A PAM/protospacer linker exists in SpyCas9 system

It had been demonstrated that a short (1–4 nt), non-conserved linker separate the PAM and the adjacent protospacer in several other Cas9 systems such as StCas9 and NmeCas9 (42,43). Lengthening or shortening of this linker sequence will affect cleavage efficiency and cleavage site selection. Considering the result that SpyCas9 is insensitive to the mismatches in the first 2-bp PAM-proximal region, we speculate that this 2-bp sequence in SpyCas9 system may also serve as a linker between the seed region of protospacer and PAM sequence. To test this hypothesis, we designed two other DNA substrates with different linker length (Figure 2). Our results show that 3-bp linker length displays higher cleavage efficiency than that of the WT sequence, while 1-bp linker length displays lower cleavage efficiency than that of the WT sequence (Figure 2B). Sequencing of the cleavage product indicated the cleavage site of target strand by HNH domain is fixed at a position determined by guide RNA. For the non-target strand, two cleavage sites by RuvC domain exist, one between 3 and 4 nt from the PAM, the other between 4 and 5 nt from the PAM (Figure 2A). These cleavage sites are not affected when increasing the linker length to 3-bp (Figure 2A). In contrast, when shorter linker is used, although the cleavage efficiency is much lower (Figure 2B), the cleavage site is fixed between position 3 and 4 nt from the PAM (Figure 2A), suggesting an increase of cleavage specificity with shorter linker. These results indicated that SpyCas9 is tolerable to the mismatches or extra bases on PAM proximal 1–2 bp region.

Figure 2.

Figure 2.

(A) Mapping of the cleavage sites in target and non-target strand of the target DNA with different linker length; (B) Digestion of the target DNA with different linker length by Cas9–sgRNA complex.

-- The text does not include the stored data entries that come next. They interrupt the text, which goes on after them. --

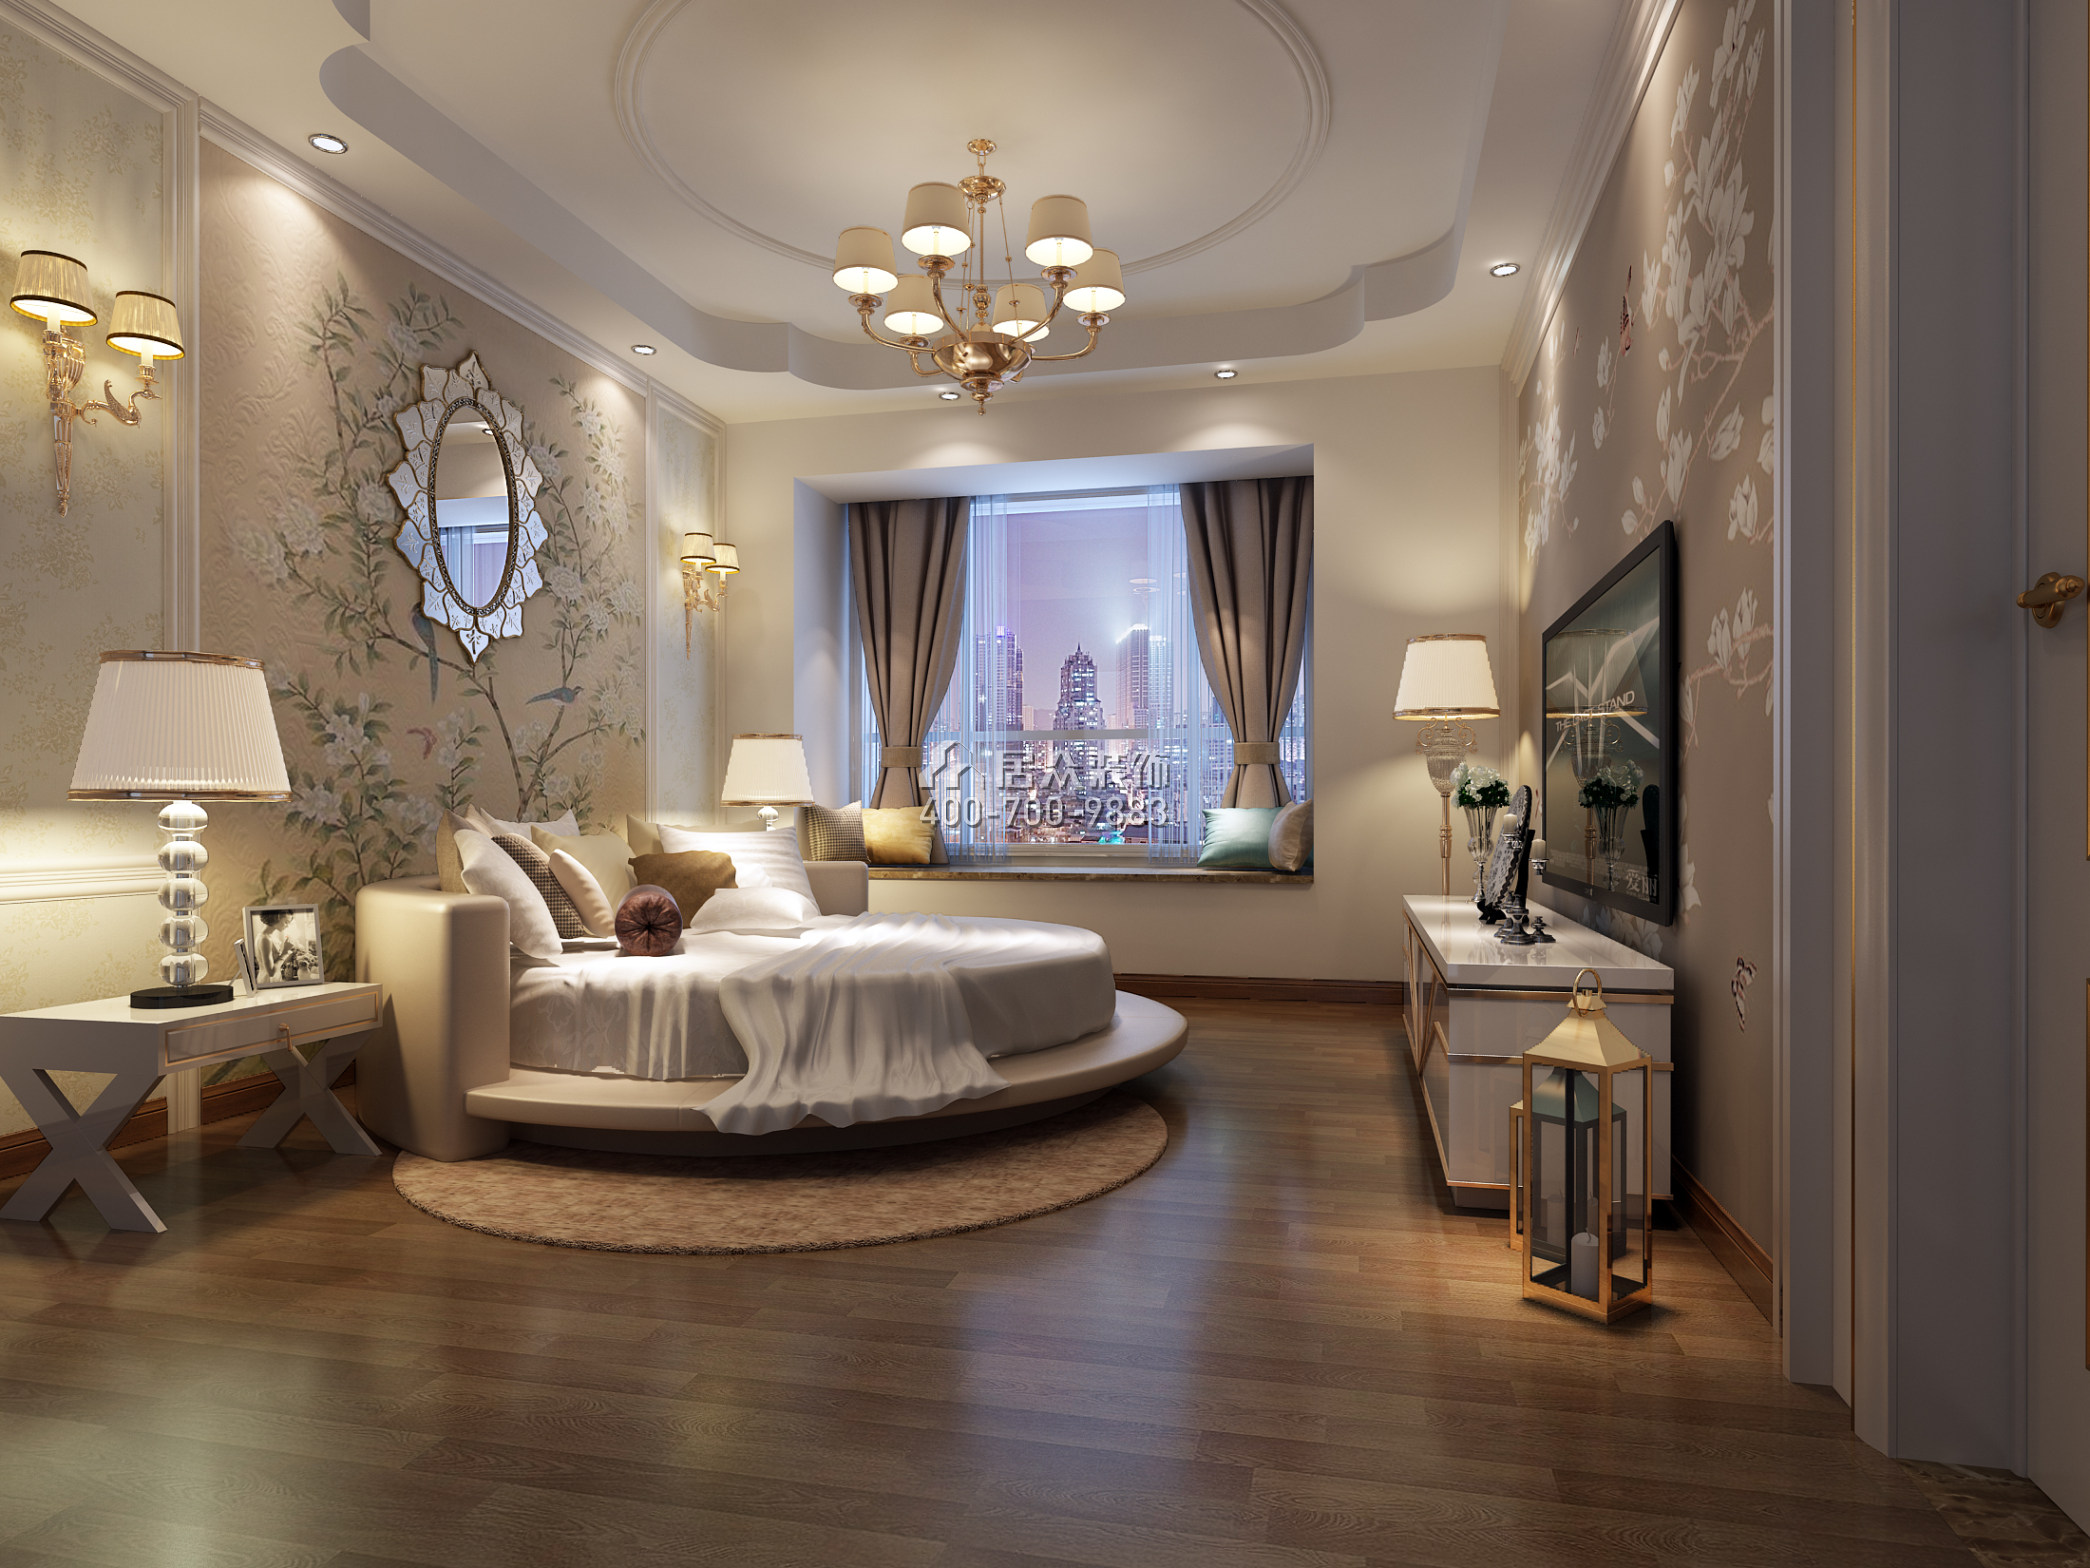 招商卡达凯斯140平方米欧式风格平层户型卧室装修效果图
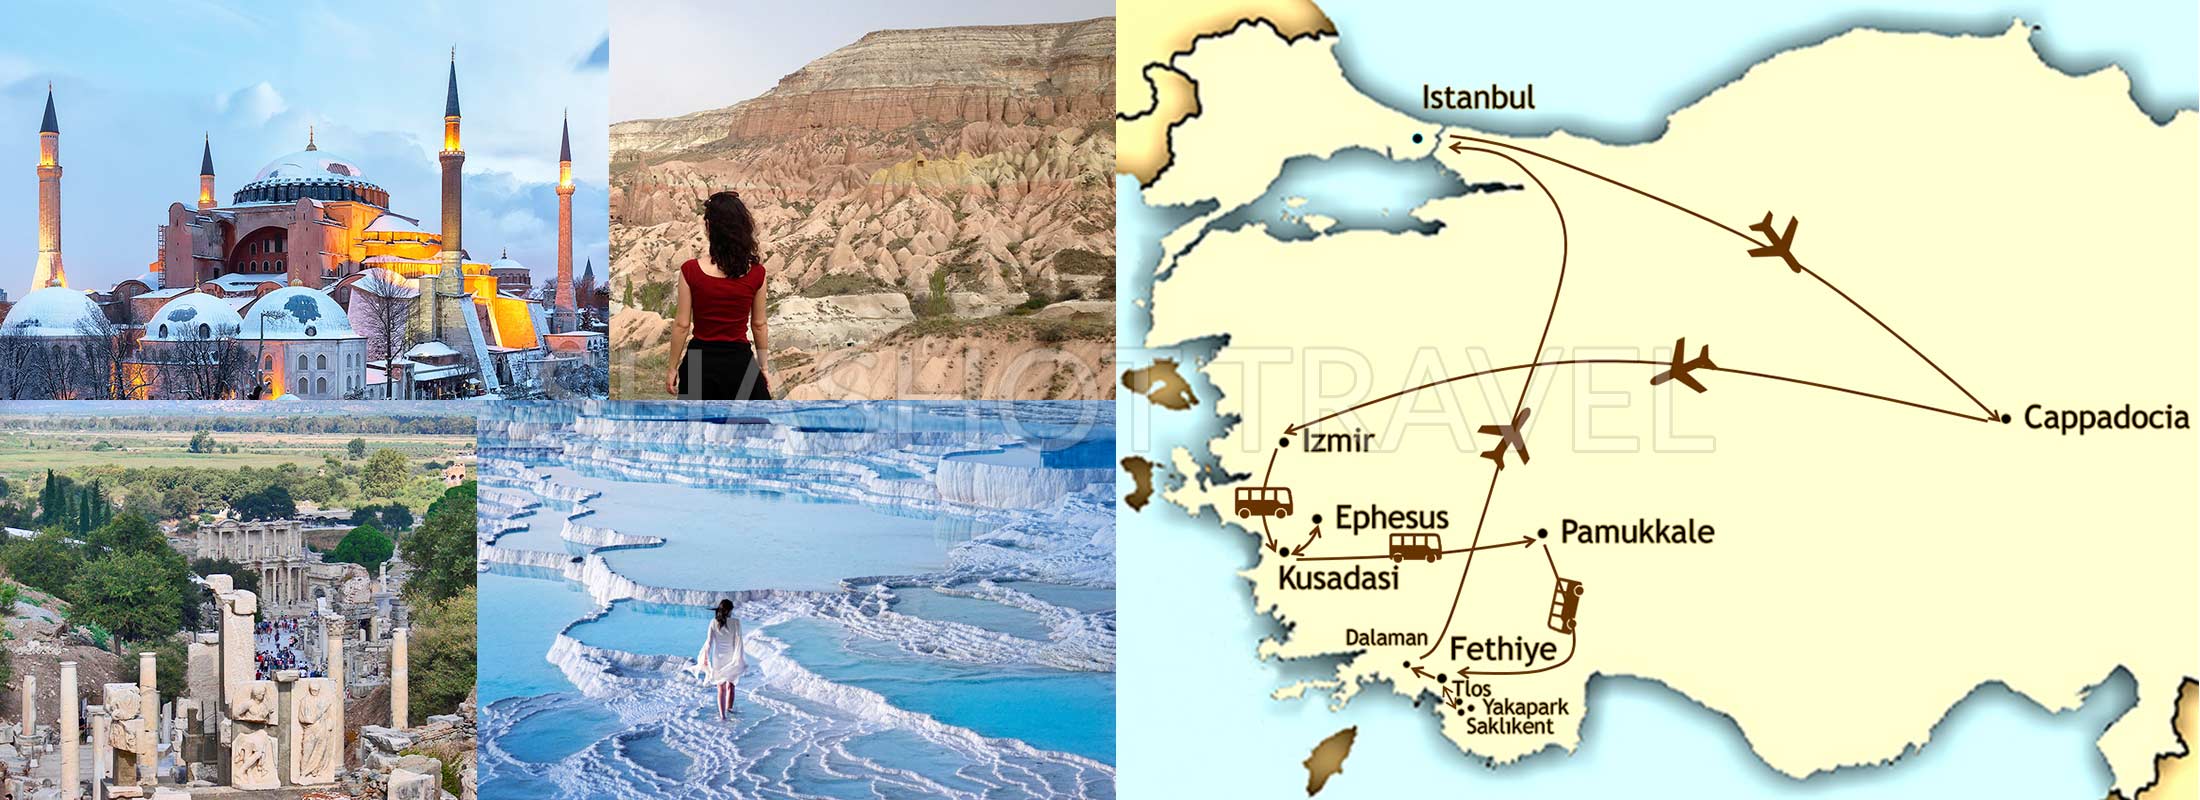 10-DAYS-TURKEY-PACKAGE-TOUR-ISTANBUL-BOSPHORUS-CAPPADOCIA-PAMUKKALE-EPHESUS-FETHIYE-BY-FLIGHT
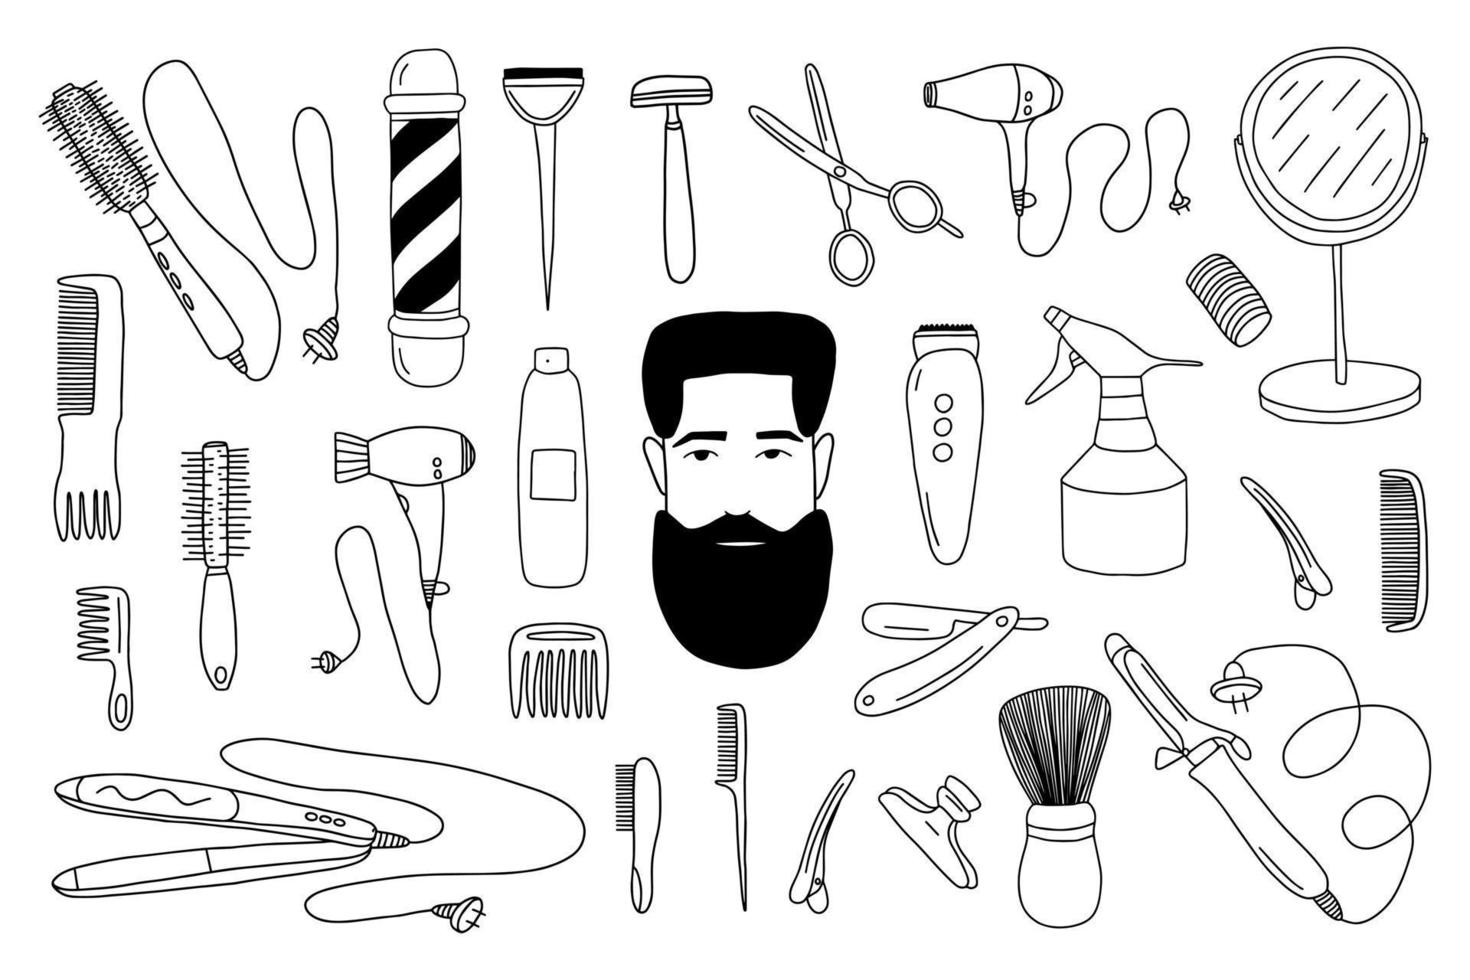 doodle vector barbearia conjunto de elementos isolado. adesivos de barbearia e cabeleireiro desenhados à mão em fundo branco.

The arginine-rich bridge helix and the immobilized seed region of sgRNA plays key role in the initiation of R-loop

To examine the detailed requirement of the seed region in protospacers, consecutive dinucleotides transversion mismatch sequences with 1 nt step size of target DNA were designed to study the tolerance of SpyCas9 for mismatched target sites (Supplementary Figure S1B). It could be found that nucleotides 3–7 of PAM-proximal region in the target strand are positions most sensitive to mismatches (Supplementary Figure S1C). High resolution structures of sgRNA–Cas9 complex with and without target DNA indicated that the nucleotides of sgRNA in this region were immobilized by a highly conserved arginine-rich bridge helix (24,25,27). Direct docking of standard B-form duplex DNA onto the Cas9–sgRNA complex indicates the clear interference of DNA by the bridge helix (Figure 3A). We thus speculated that the initiation of R-loop structure requires the disruption of DNA duplex by this bridge helix and its associated sgRNA sequences. To test this hypothesis, we conducted several single-site mutation studies on Cas9 in this region. As seen in Figure 3B, the E60A, R66A, R70A and R74A mutations reduced the cleavage activities of SpyCas9. And R66A/R70A/R74A triple mutation totally eliminated the cleavage activities of Cas9. These results strongly suggest that the arginine-rich bridge helix and its combined seed-region of sgRNA are important for the R-loop initiation.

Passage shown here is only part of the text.